SUPPLIED INFORMATION below:

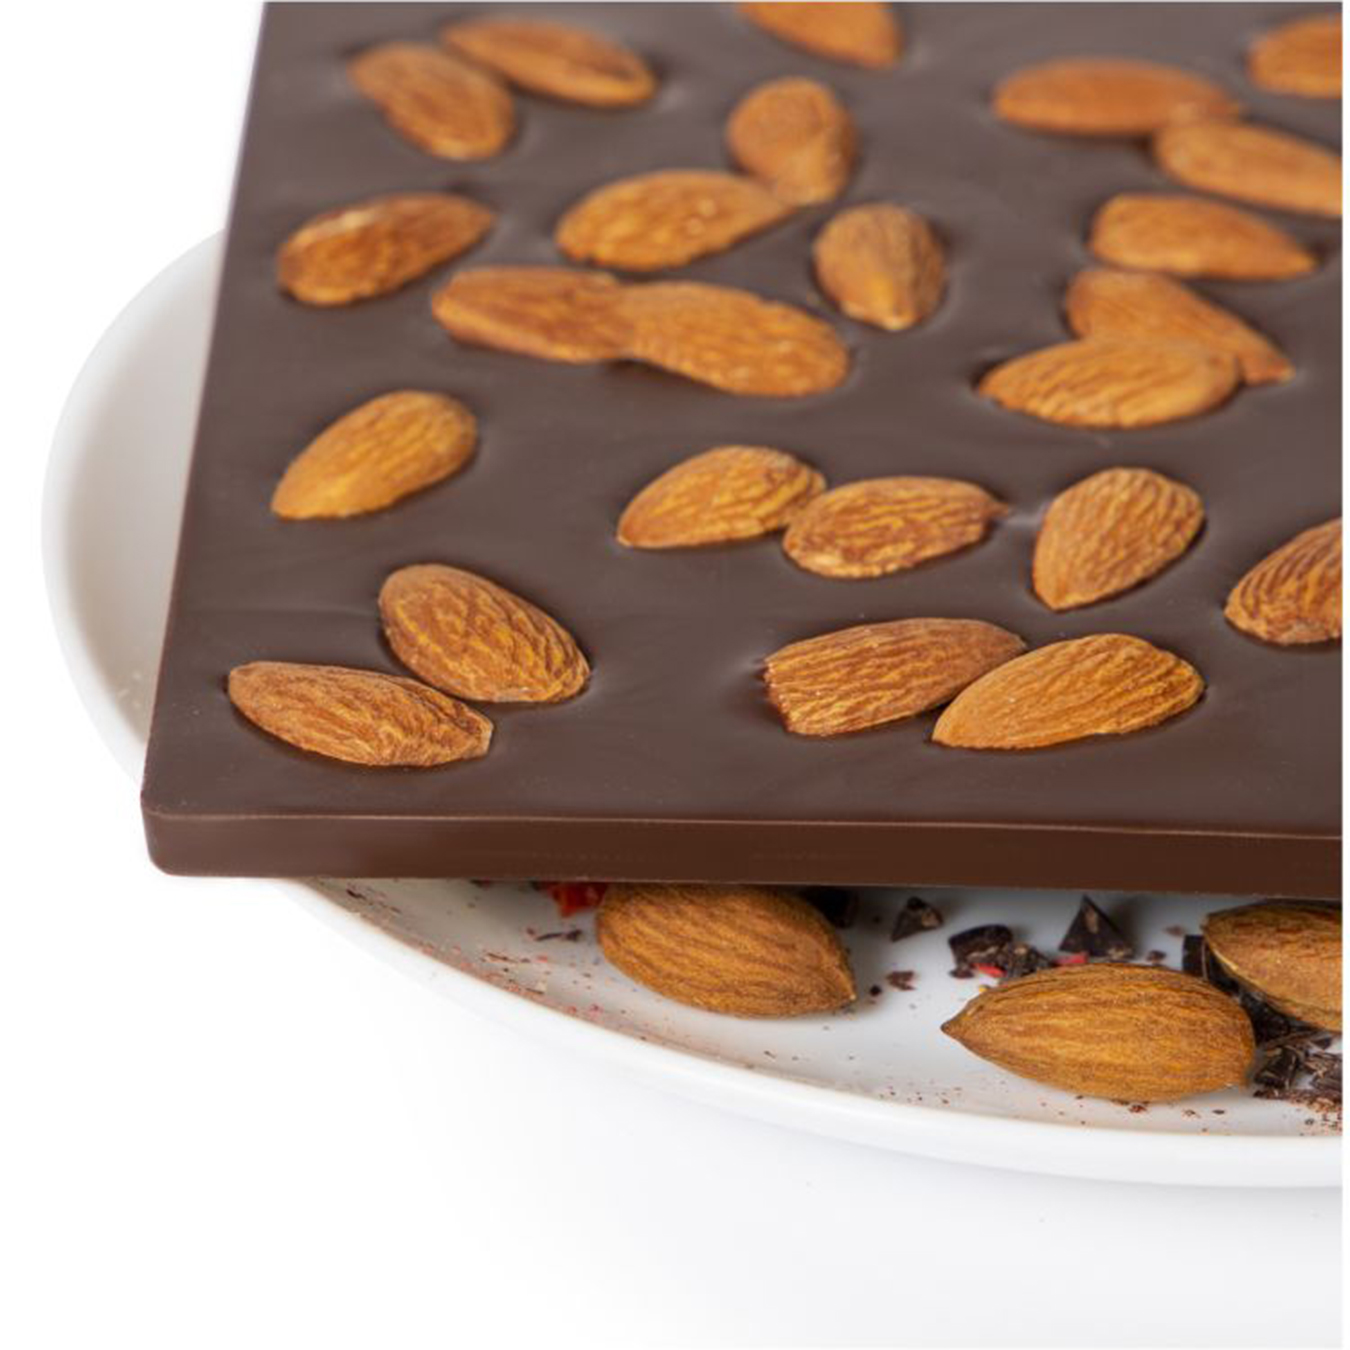 Chocolate Masters chocolate black with almonds
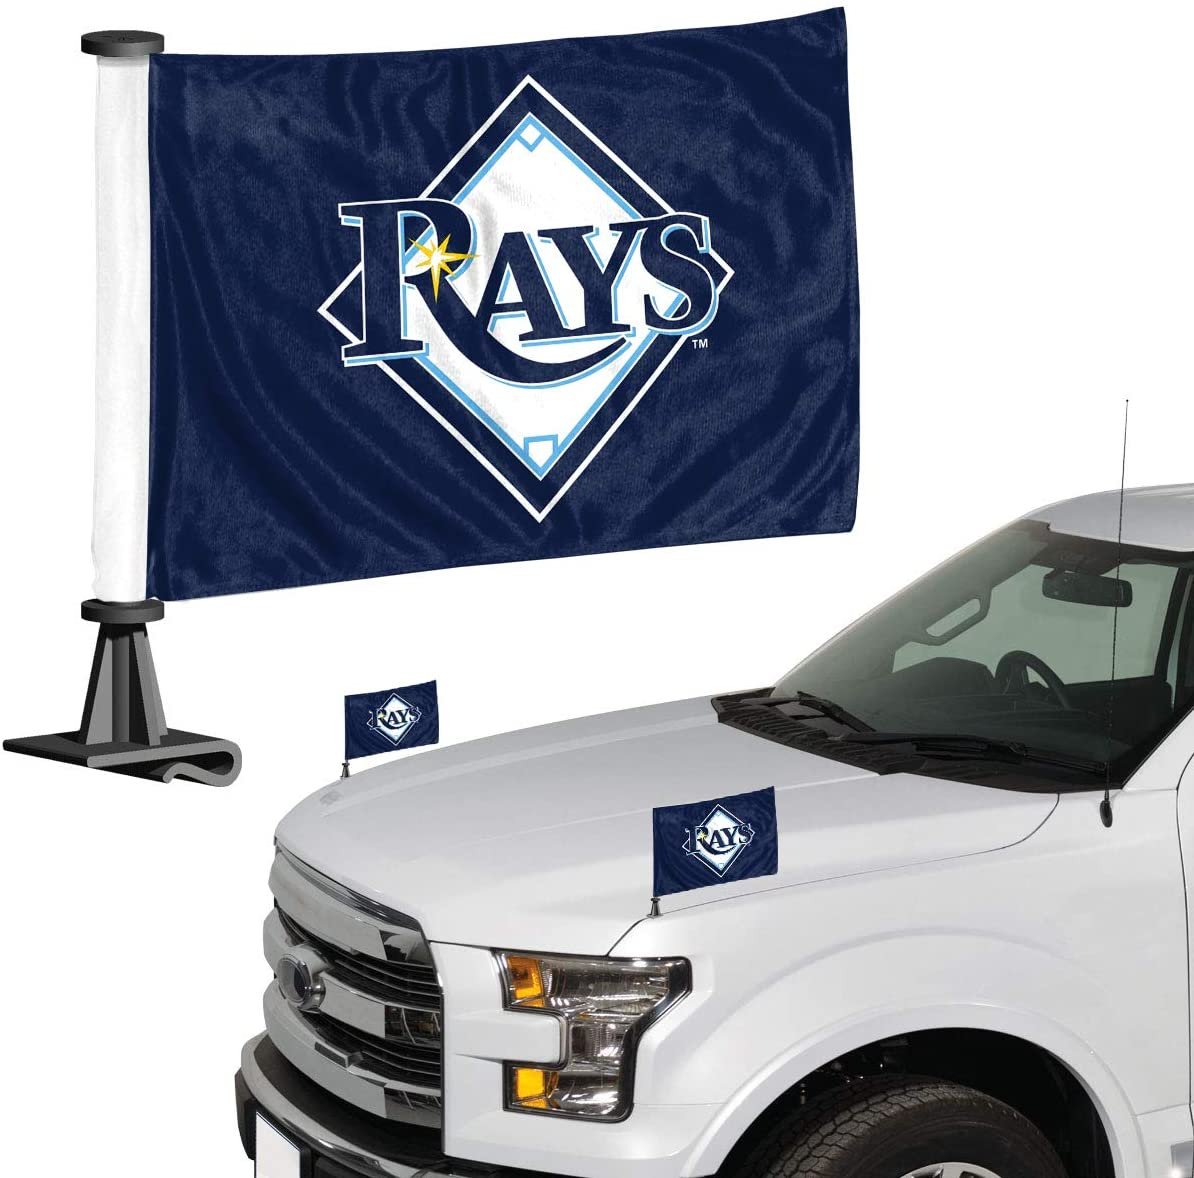 Promark MLB Tampa Bay Rays Flag Set 2Piece Ambassador Styletampa Bay Rays Flag Set 2Piece Ambassador Style, Team Color, One Size
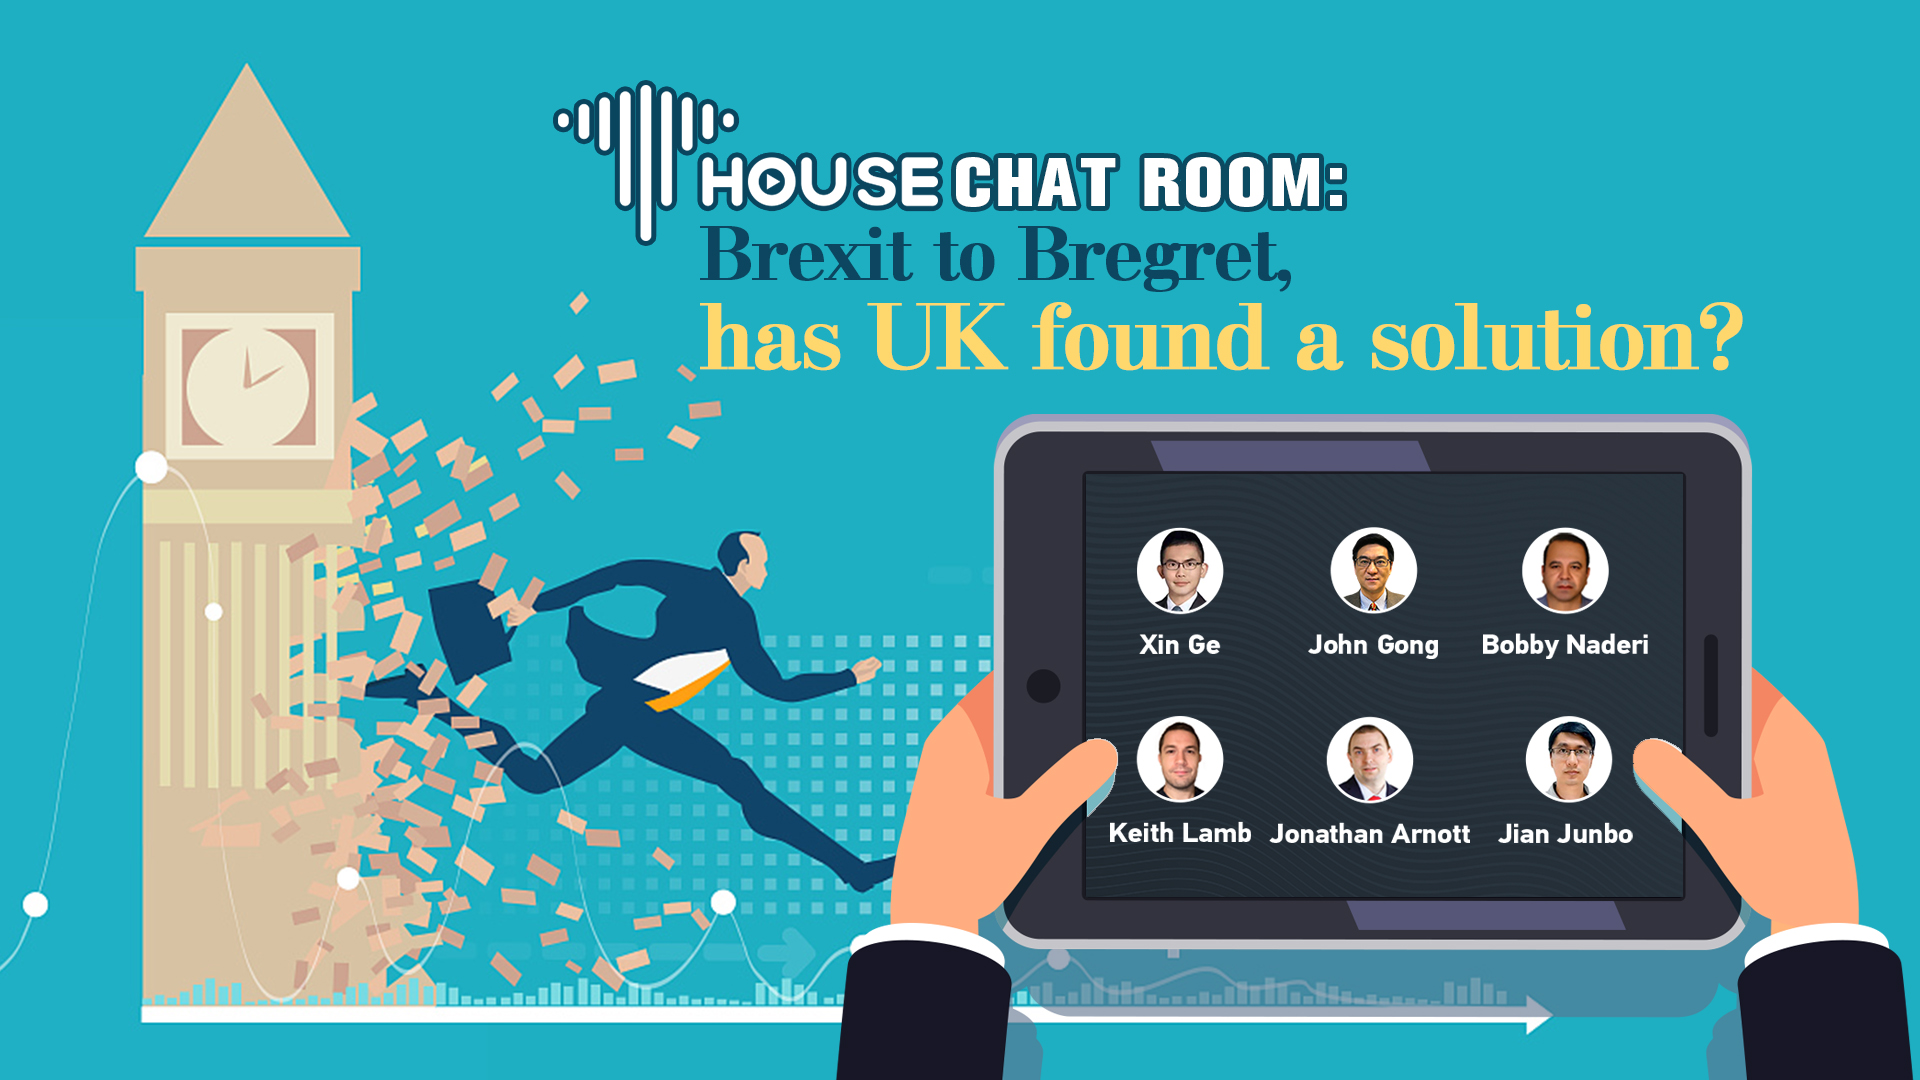 T-House chat room: Brexit to Bregret, has UK found a solution?
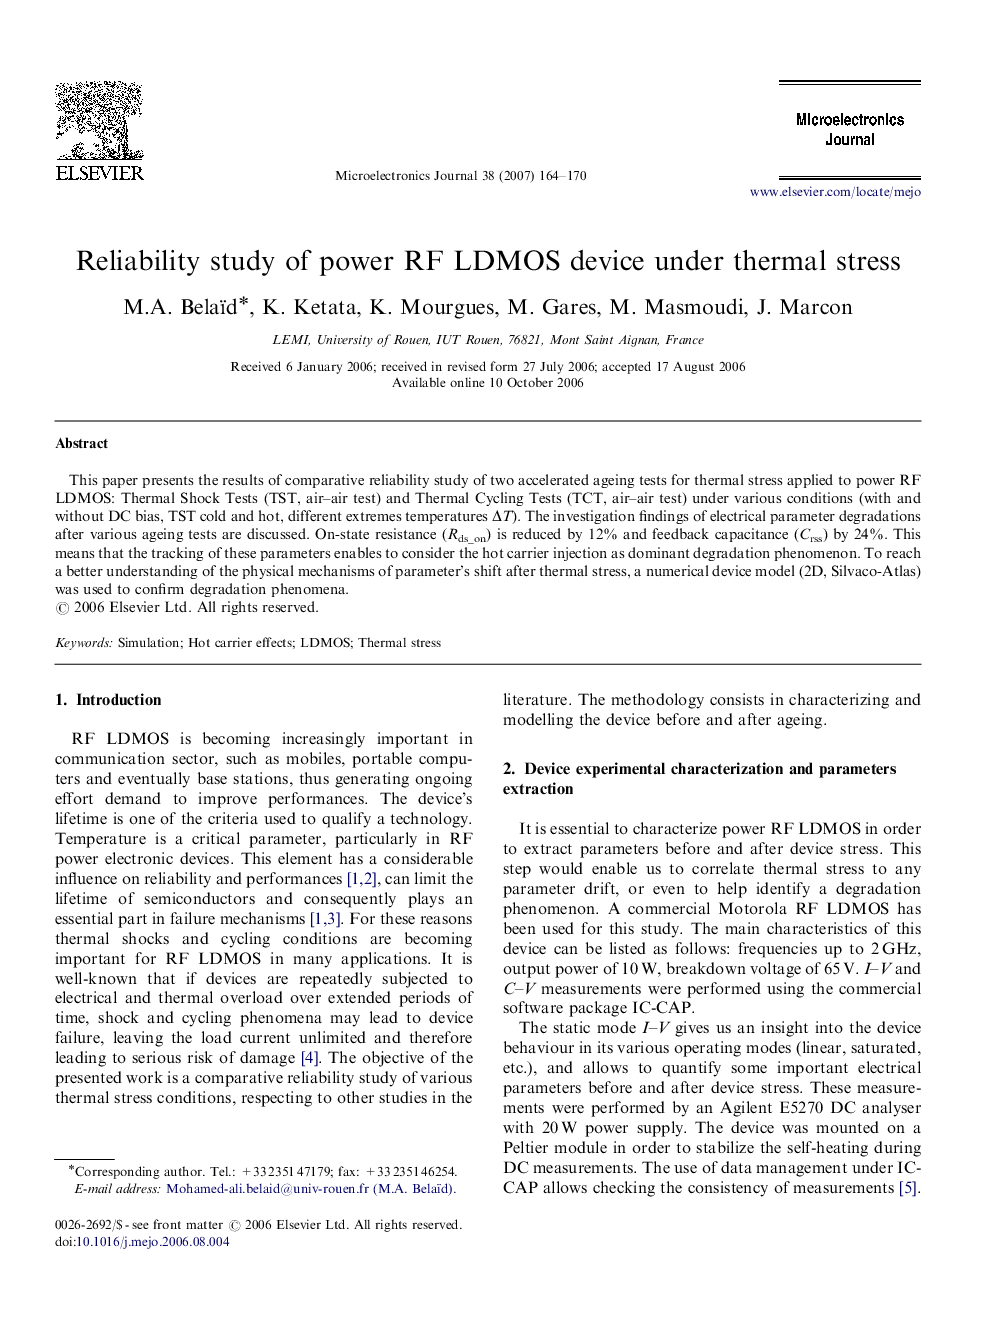 Reliability study of power RF LDMOS device under thermal stress

End of SUPPLIED INFORMATION.

◆ **WORK REQUIRED**:
Repeat the material above in full and unchanged, minus its images.

◆ **THE COMPLETED TASK**:
 Chocolate Masters chocolate black with almonds
 Promark MLB Tampa Bay Rays Flag Set 2Piece Ambassador Styletampa Bay Rays Flag Set 2Piece Ambassador Style, Team Color, One Size
 T-House chat room: Brexit to Bregret, has UK found a solution?
 Reliability study of power RF LDMOS device under thermal stress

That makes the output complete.